Given material: Begin

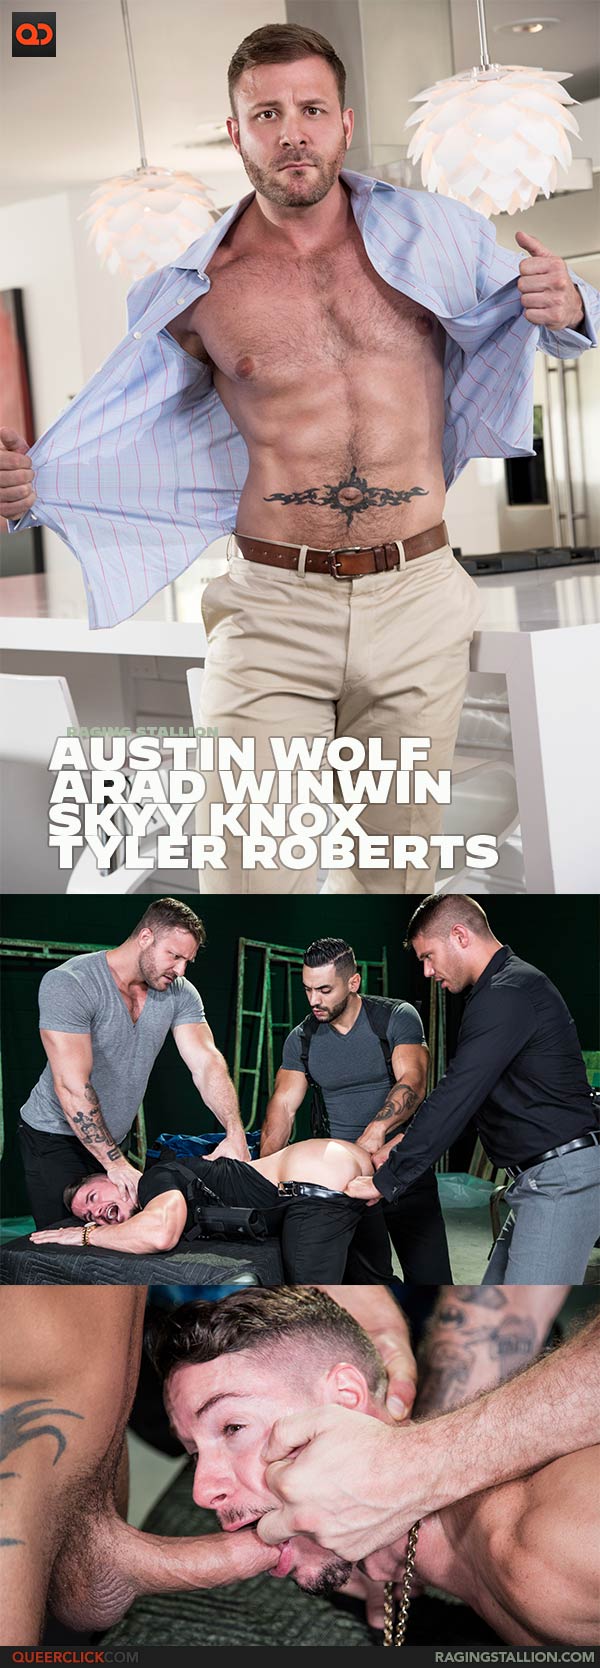 Raging Stallion: Austin Wolf, Arad Winwin, Skyy Knox and Tyler Roberts
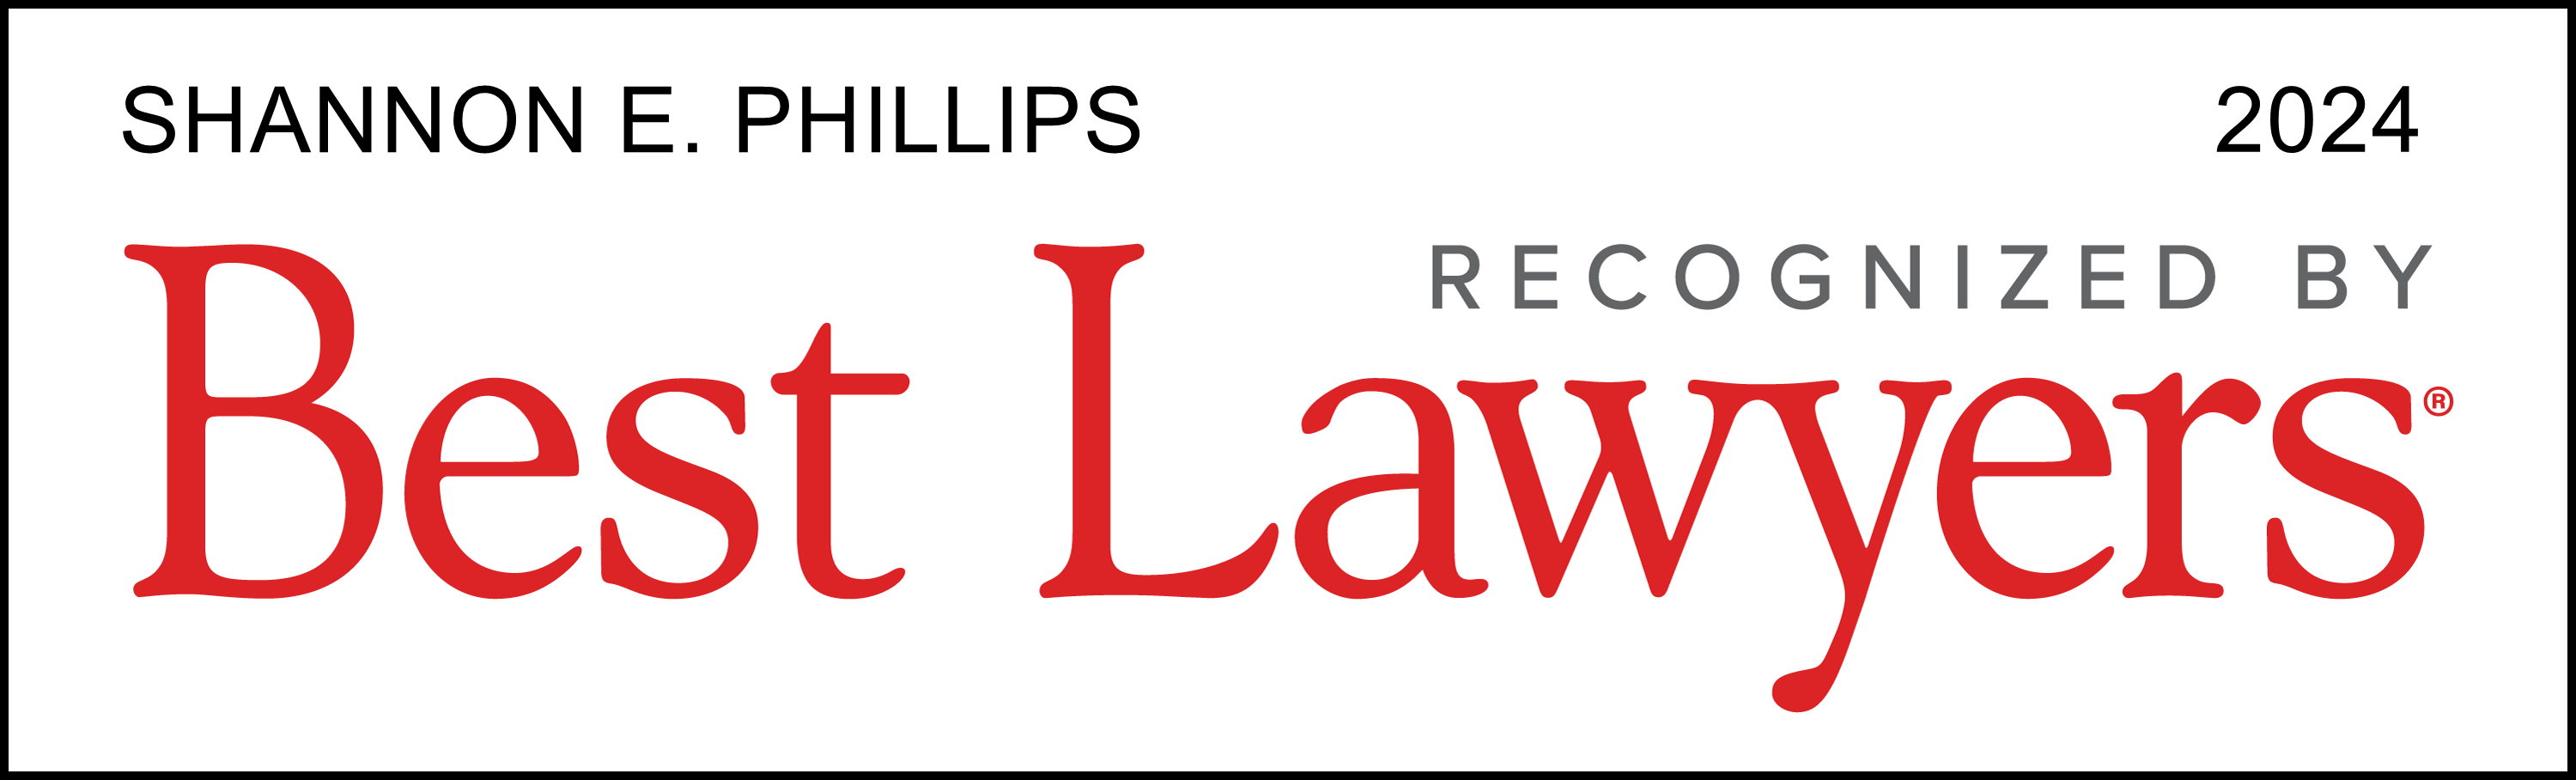 Phillips_Shannon_Best Lawyers 2024
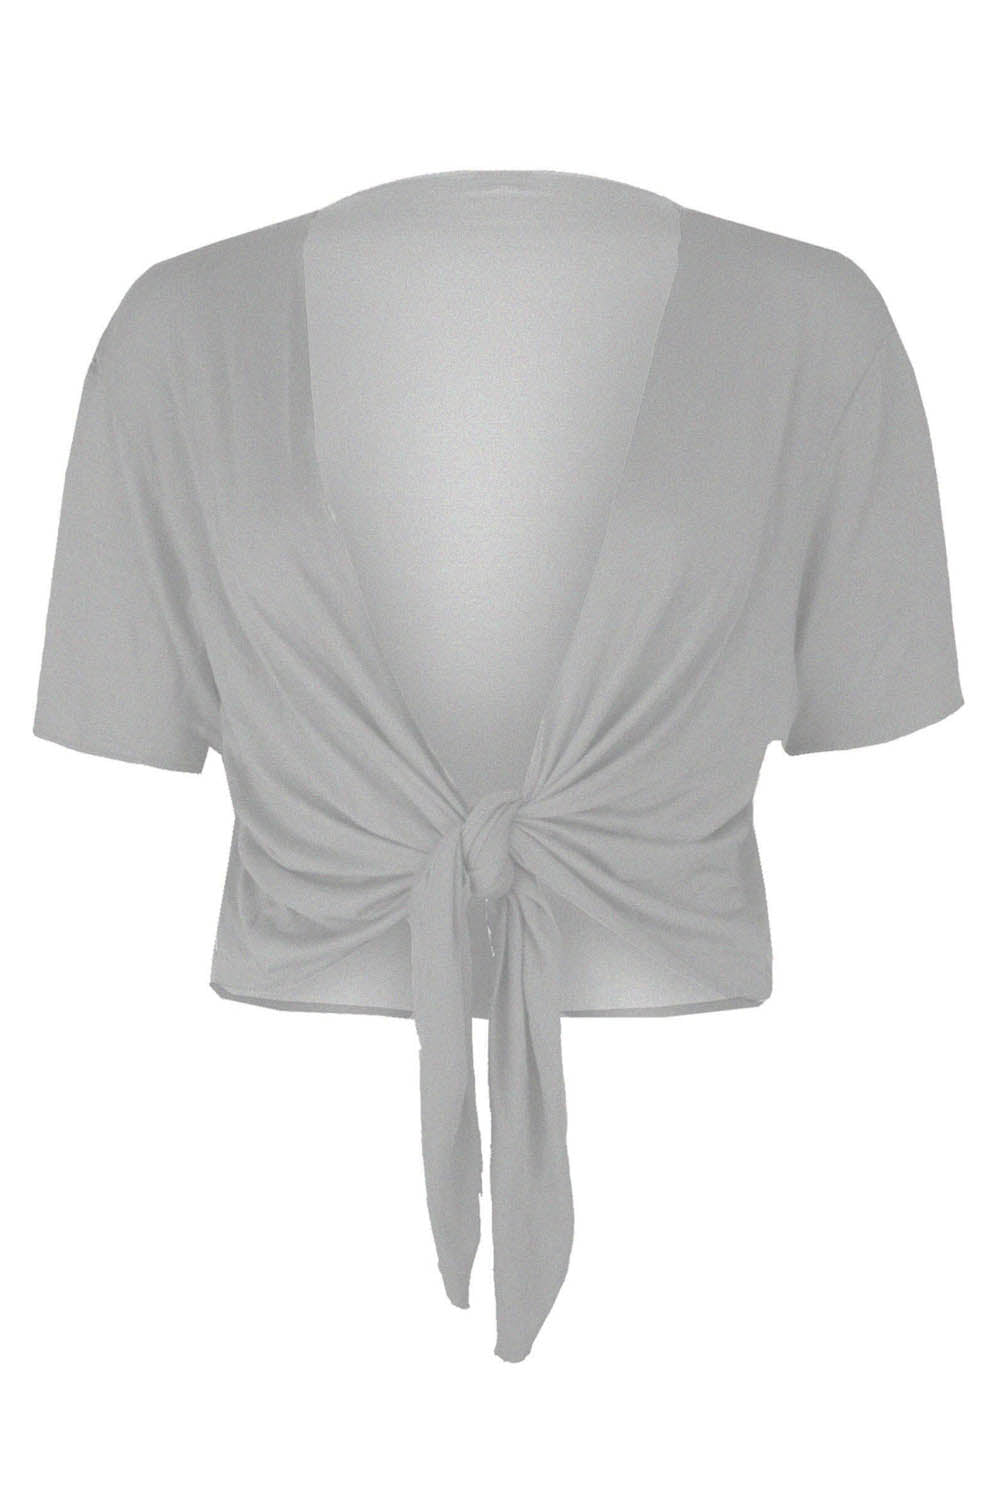 Tie Front Basic Jersey Short Sleeve Shrug - bejealous-com
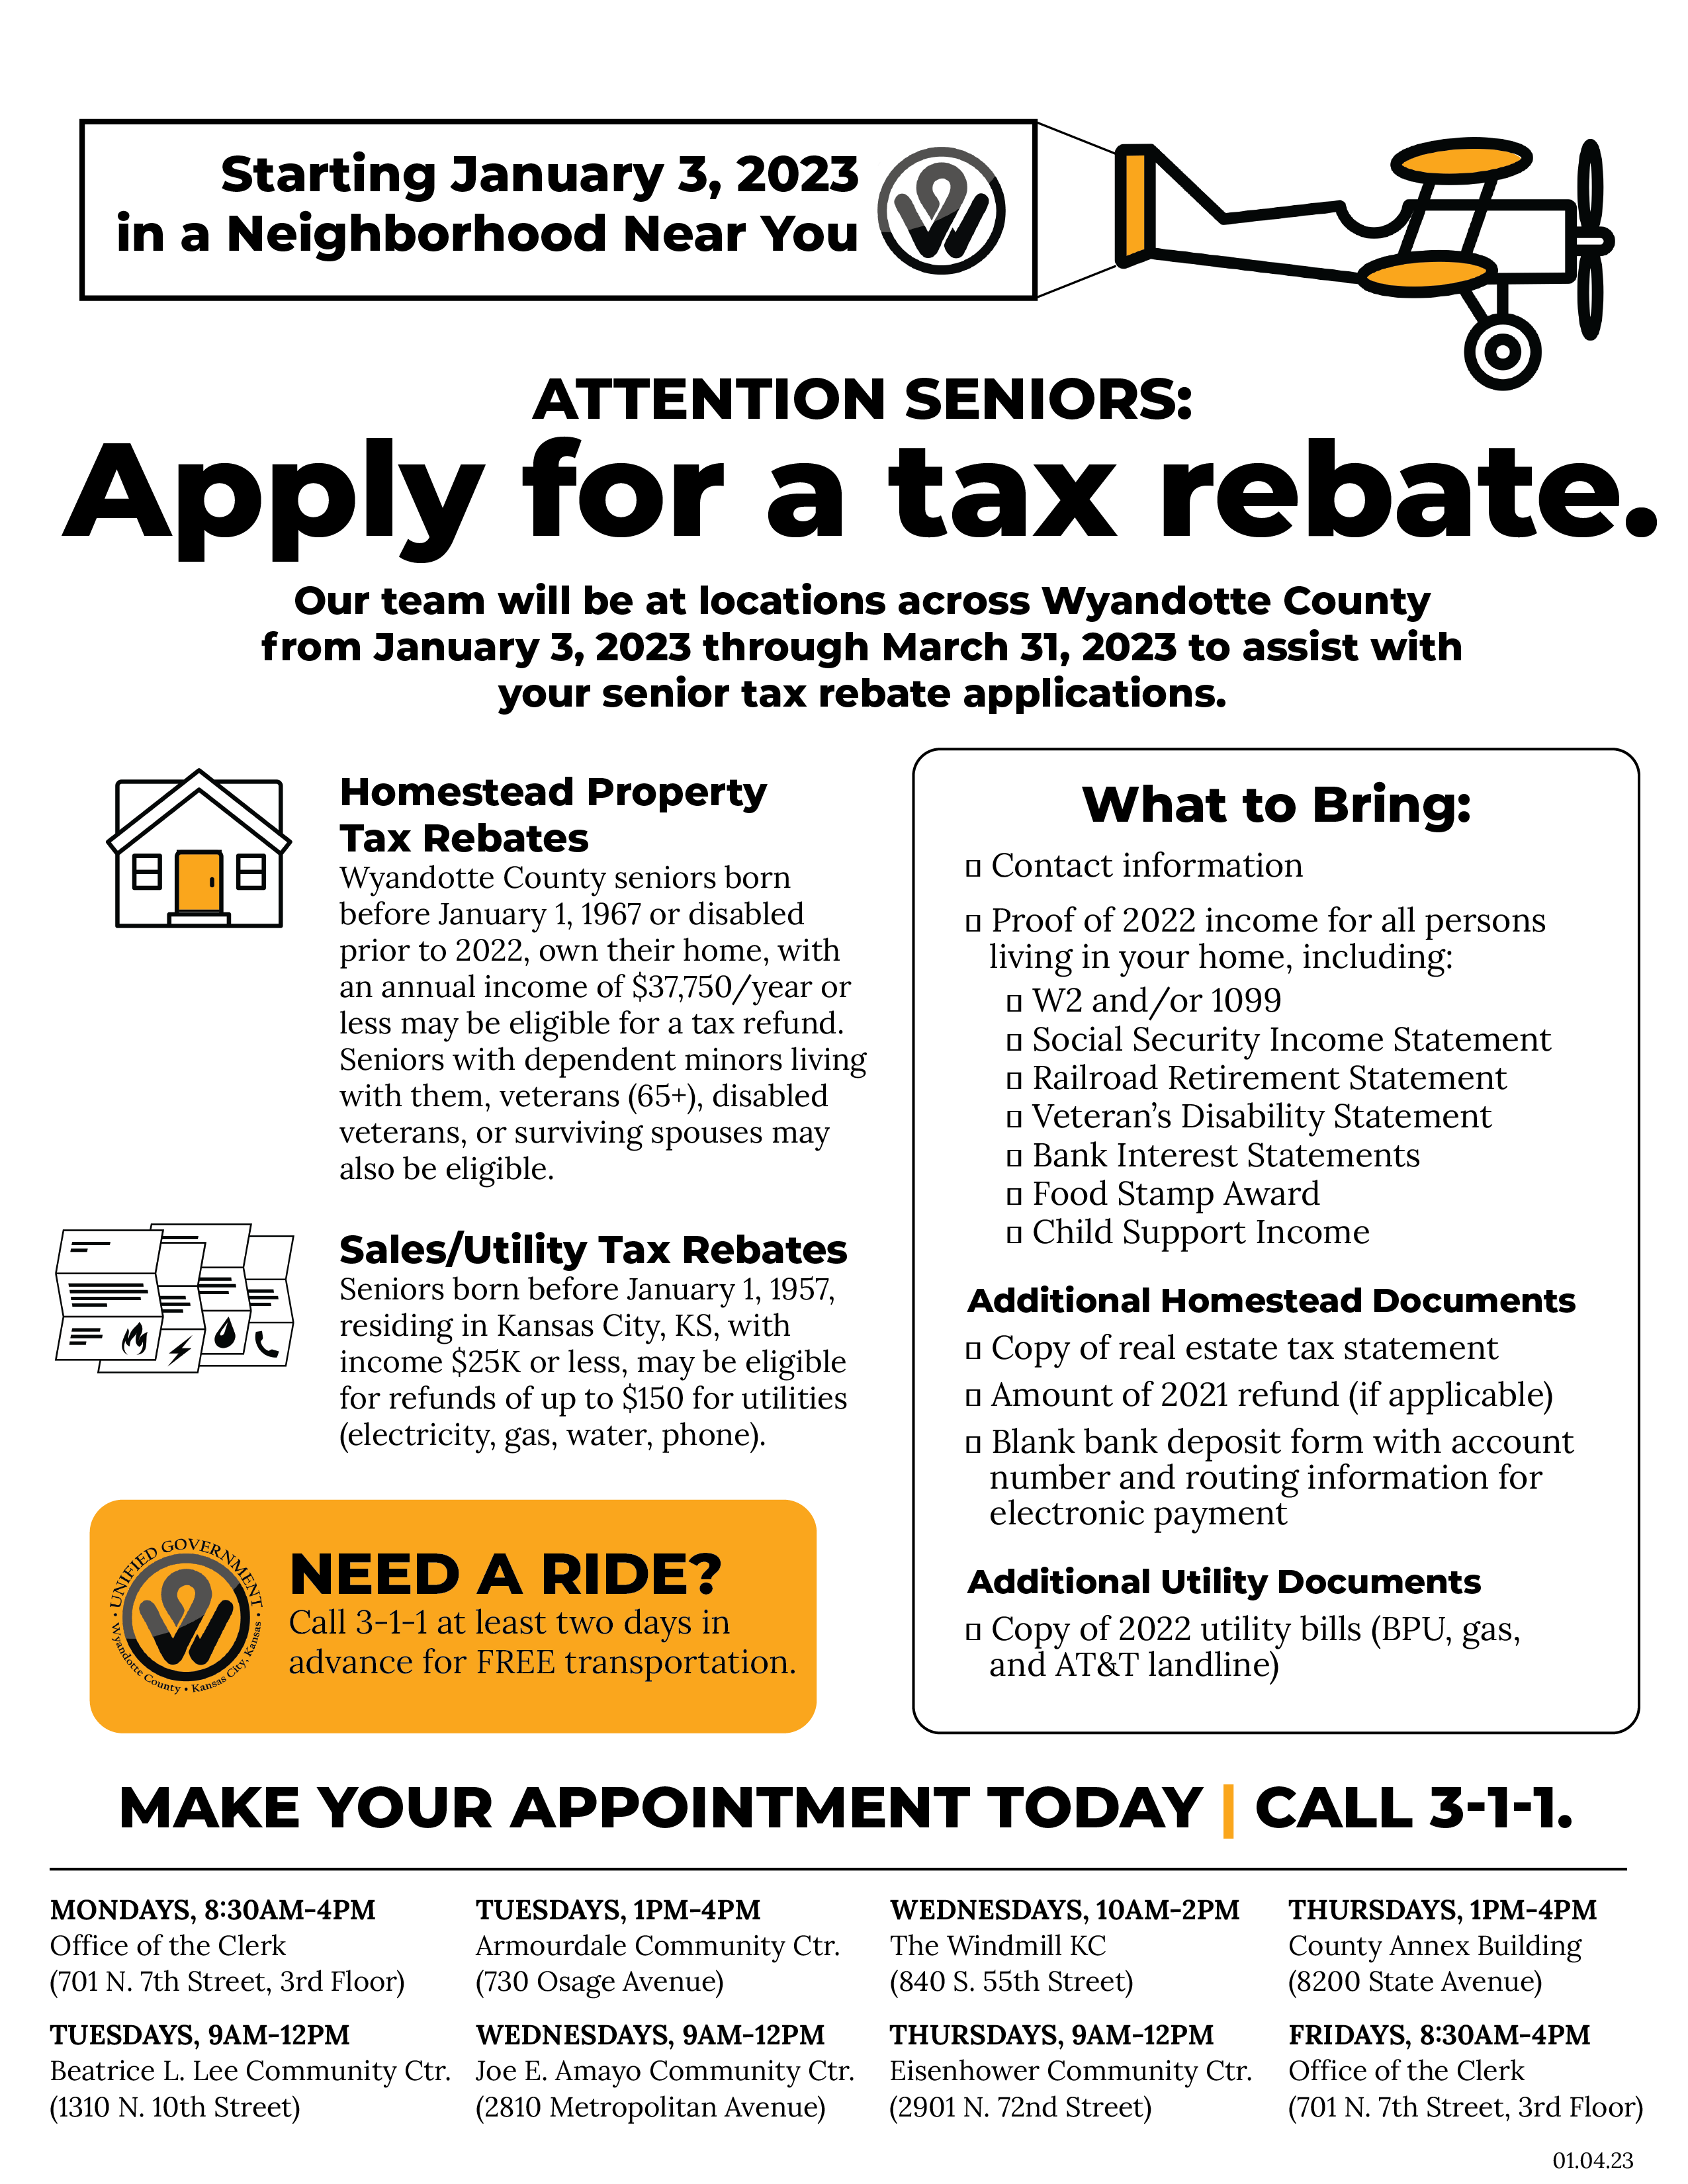 Starting Jan 3 in a neighborhood near you: senior tax rebate programs

Given material: End

> Required work
Leave out the pictures, then reproduce exactly the run of lines from the one that contains "Phillips_Shannon_Best Lawyers 2024" to the final line of the listing above.

> Solution to this exercise
 Phillips_Shannon_Best Lawyers 2024
 Tie Front Basic Jersey Short Sleeve Shrug - bejealous-com
 Starting Jan 3 in a neighborhood near you: senior tax rebate programs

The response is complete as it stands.